### Work order
Locate the line with "HP t740 Thin Client (6TV52EA#ABD)" in the material. Copy that line and each one after it, through the last, exactly and with nothing else.

Collected material START

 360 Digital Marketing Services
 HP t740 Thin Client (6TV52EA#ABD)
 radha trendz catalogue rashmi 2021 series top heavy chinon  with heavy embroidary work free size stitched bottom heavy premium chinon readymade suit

Collected material END

### Result of the task
 HP t740 Thin Client (6TV52EA#ABD)
 radha trendz catalogue rashmi 2021 series top heavy chinon  with heavy embroidary work free size stitched bottom heavy premium chinon readymade suit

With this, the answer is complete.